The Yellow Sea (average station depth of 44 m) is a coastal sea located on the continental shelf of the western Pacific Ocean. Here a significant seasonal phenomenon is the formation and dissipation of the Yellow Sea Cold Bottom Water (YSCBW), a basin-scale water mass with low temperature under thermocline in the warm period of a year (Ho et al., 1959; Yu et al., 2006). Another character is the spring phytoplankton bloom (Chl a concentration greater than 4 μg/L) from April to May in the central Yellow Sea (Tang et al., 2013).

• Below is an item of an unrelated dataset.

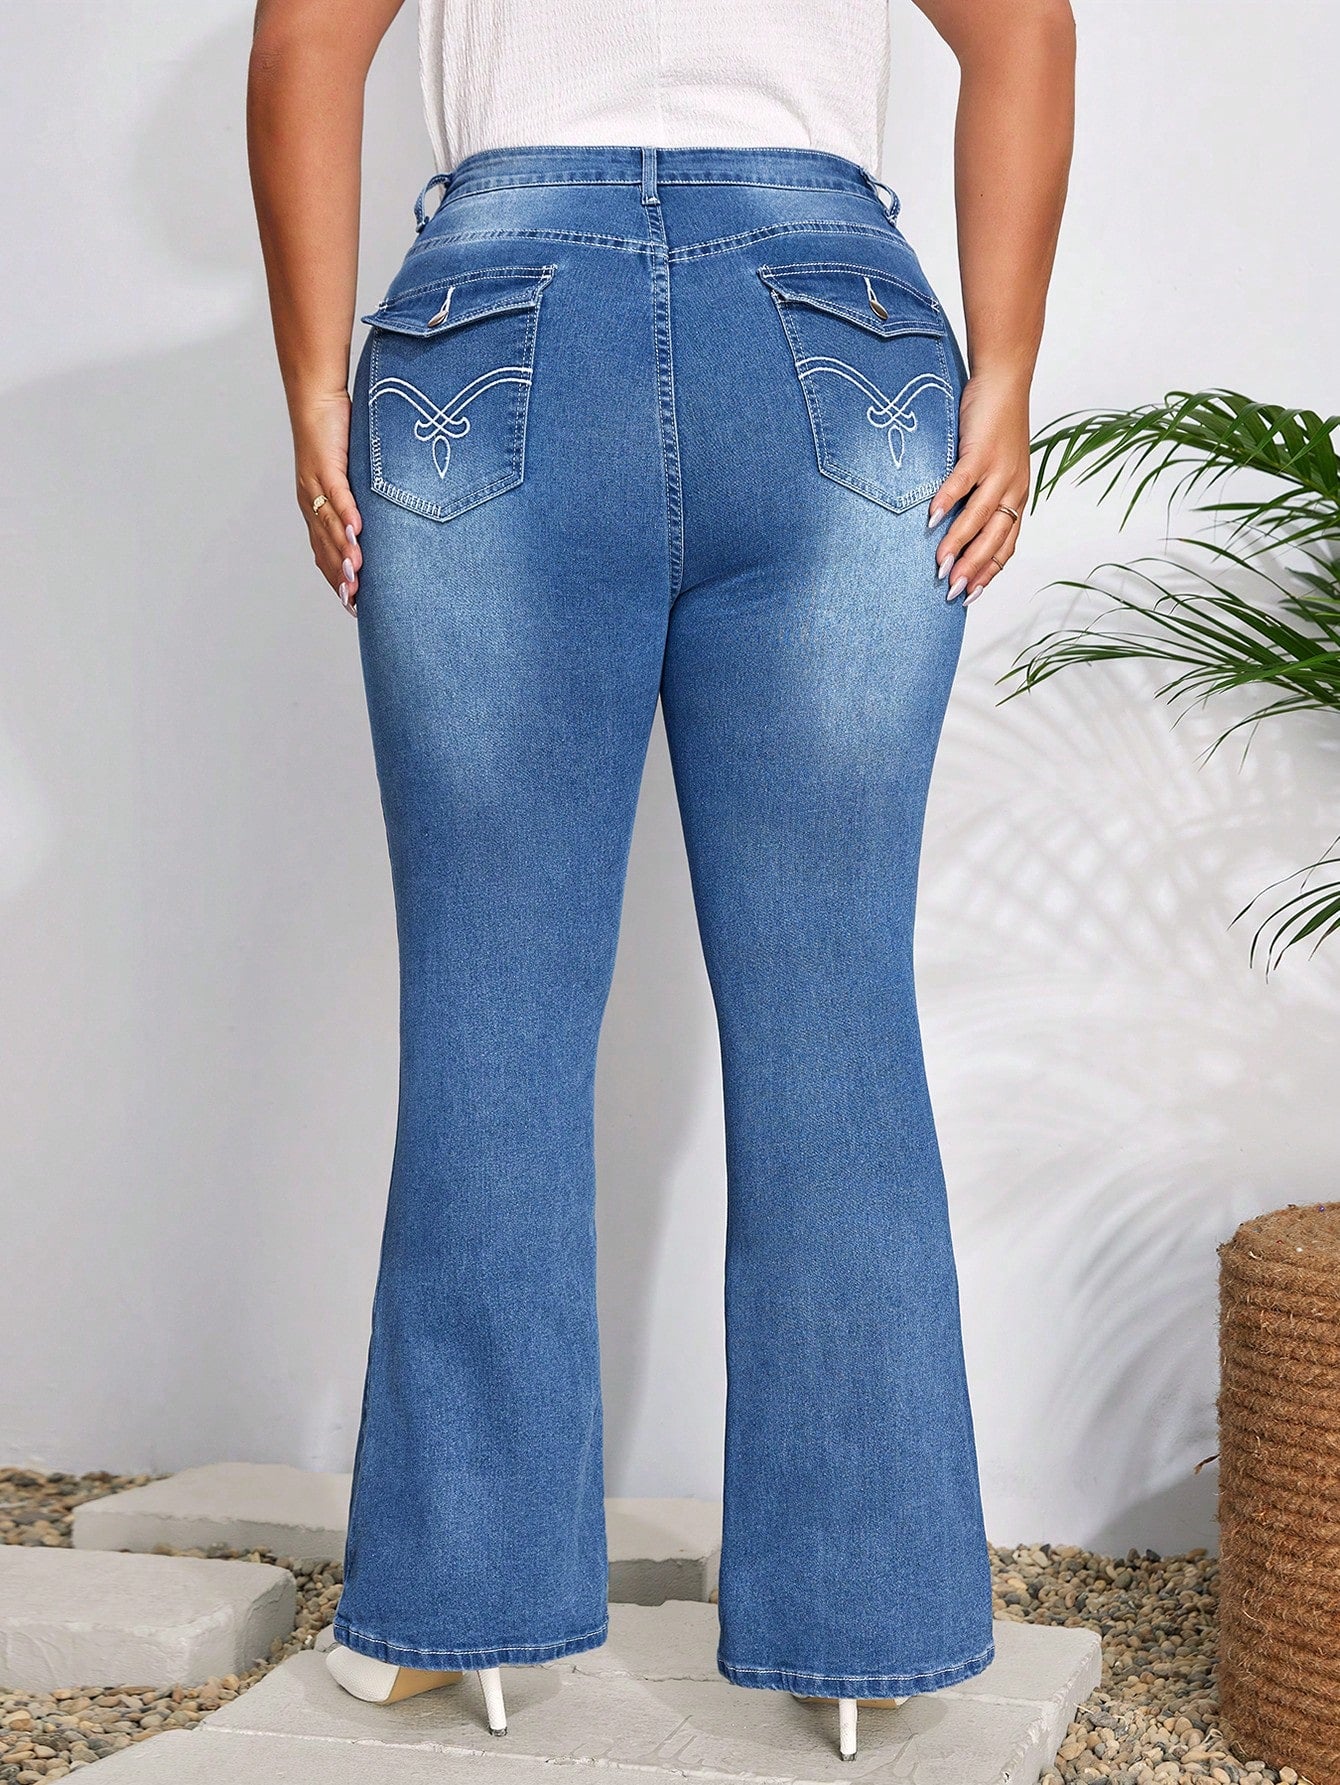 Plus Size Women Embroidery Inserted Pockets Bell Bottom Jeans

Spatial distribution of planktonic ciliates has been studied in different parts and seasons. Horizontal distribution of planktonic ciliates in the southern Yellow Sea was limited in April, August (Ding and Xu, 2012) and June (Zhang et al., 2002). High abundance area of planktonic ciliates and anchovy larvae was overlapped in June (Zhang et al., 2002). Jellyfish grazing on ciliates was ascribed as possible reason for low ciliate abundance in some area of the Yellow Sea (Ding and Xu, 2012). The spatial distributions of large tintinnid were well correlated with hydrology (Zhang et al., 2008, 2009). The monthly variation of ciliate abundance in two transects in YSCBW showed that there was low ciliate abundance in the YSCBW while high ciliate abundance occurred in the tidal front at the edge of YSCBW (Yu et al., 2014). The response of ciliates to phytoplankton bloom was not studied before in the Yellow Sea. rDNA sequence diversity has been studied to demonstrate ciliate distribution pattern in the neritic Bohai Sea and the Yellow Sea in June and November, 2011 (Dong et al., 2014). In this paper, we studies the spatial distribution of planktonic ciliates in the southern Yellow Sea in spring (with phytoplankton bloom and without YSCBW) and autumn (with YSCBW). We also highlighted the distribution of the mixotrophic ciliate Laboea strobila and the biogeographically boreal tintinnid species Ptychocylis obtusa in the southern Yellow Sea.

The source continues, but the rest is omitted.